Как же он ее торопил. А ей, наоборот, хотелось сидеть и вспоминать – тоже нашла время! – но раз в жизни человек имеет право затормозиться даже в неположенном месте?
Женщина в тугом халате потрогала стену. Может, она ждала землетрясения и сейчас проверяла, выдержит ли стена? Потрогала и вышла.
Рассказ у Марины получился глупым. Мишка влюбился. Девочка сказала ему, чтоб он сдох. Он пришел и попросил водки. И все.
– И все? – спросил бывший муж. – Нет, все?
– Ты бы видел, – стала оправдываться Марина. – Понимаешь, тут ему нужен мужской совет… Я не знаю, как это бывает у вас… Но не давать же пить!

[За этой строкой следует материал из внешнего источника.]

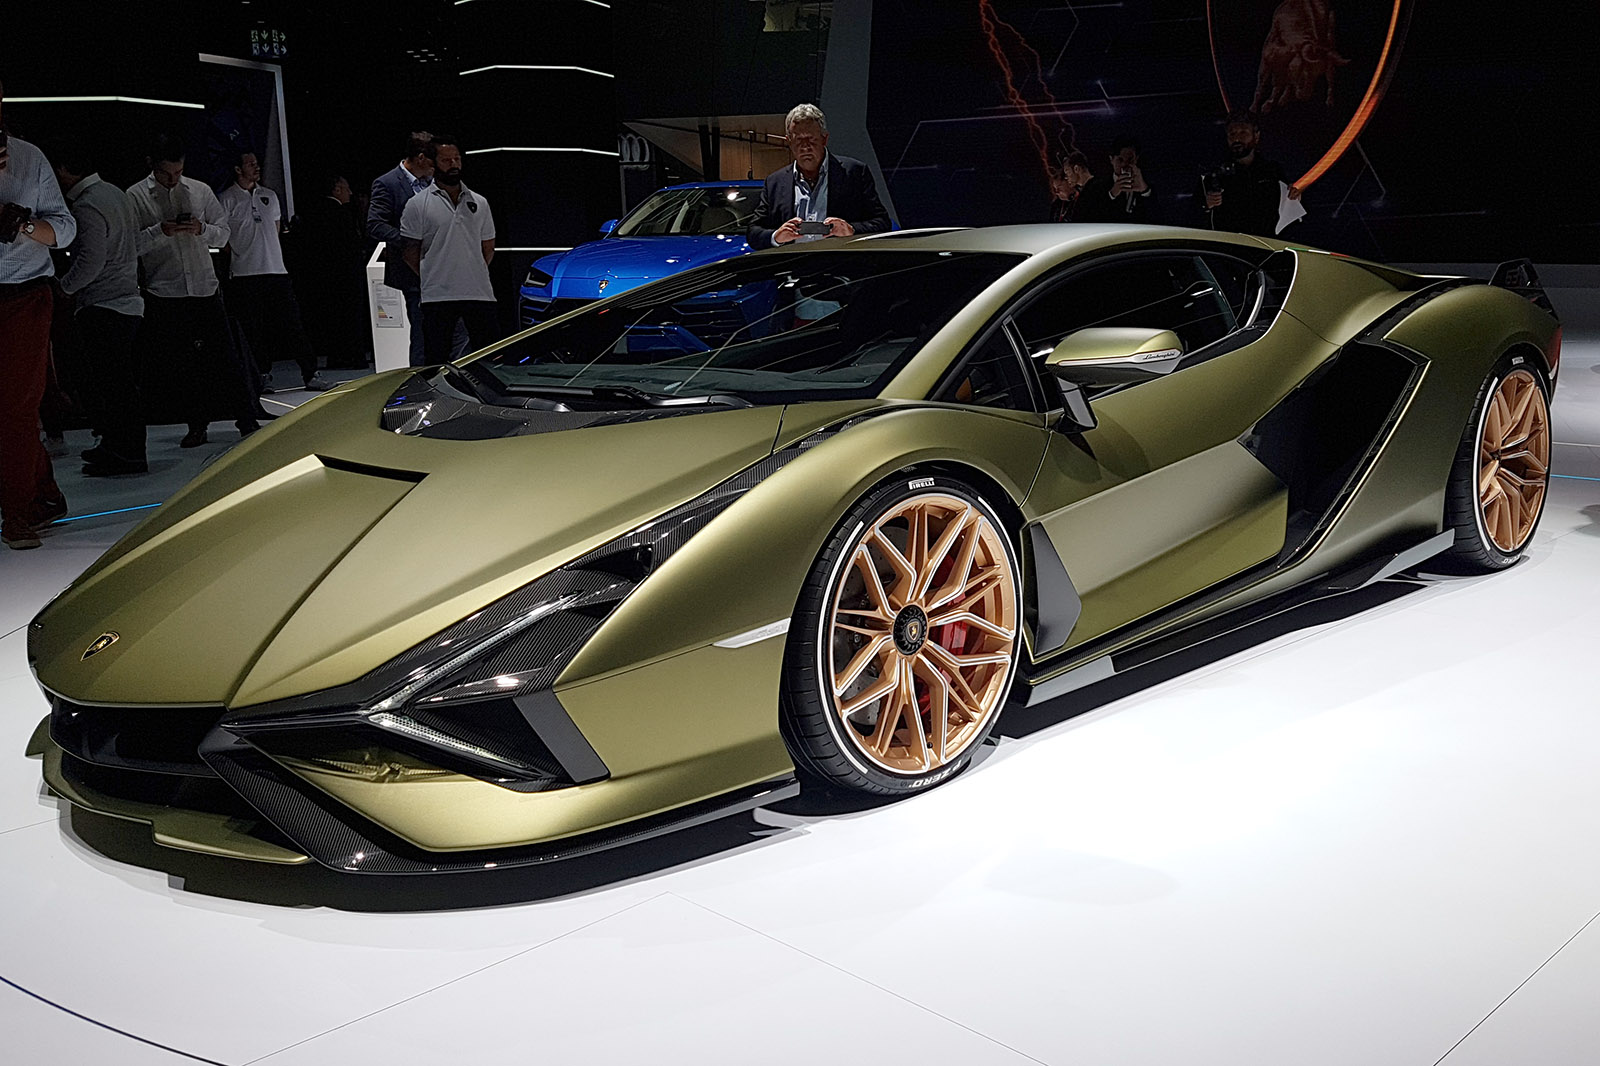 Lamborghini Sian Officially Debuts Tomorrow, But You Can See It Now

– Можно и дать, – вяло как-то сказал бывший муж. – Мужик ведь… Номера!.. С больным знаешь, как, со здоровым – нет.
Он смотрел на нее ненавидяще, а она не могла понять, почему. Она застряла на этой своей мысли, что имеет право на один его отцовский совет в жизни.
– Нет, серьезно! – продолжал он. – Что ты от меня хочешь? Ну, попал бы он в милицию, что ли?.. Ну, побил бы кого… Украл… Ну, напился… А то ведь пришел, как паинька, спросил вежливо: «Водка есть?» «Есть, – сказала бы умная мать, – садись, дам». Выпил бы и уснул. После поговорили бы.
Он встал.
– Пройдет у него все, пройдет! Подумаешь, страсти-мордасти. Ну, я могу, конечно, с ним поговорить, но тогда ты нас познакомь… Не виделись ведь…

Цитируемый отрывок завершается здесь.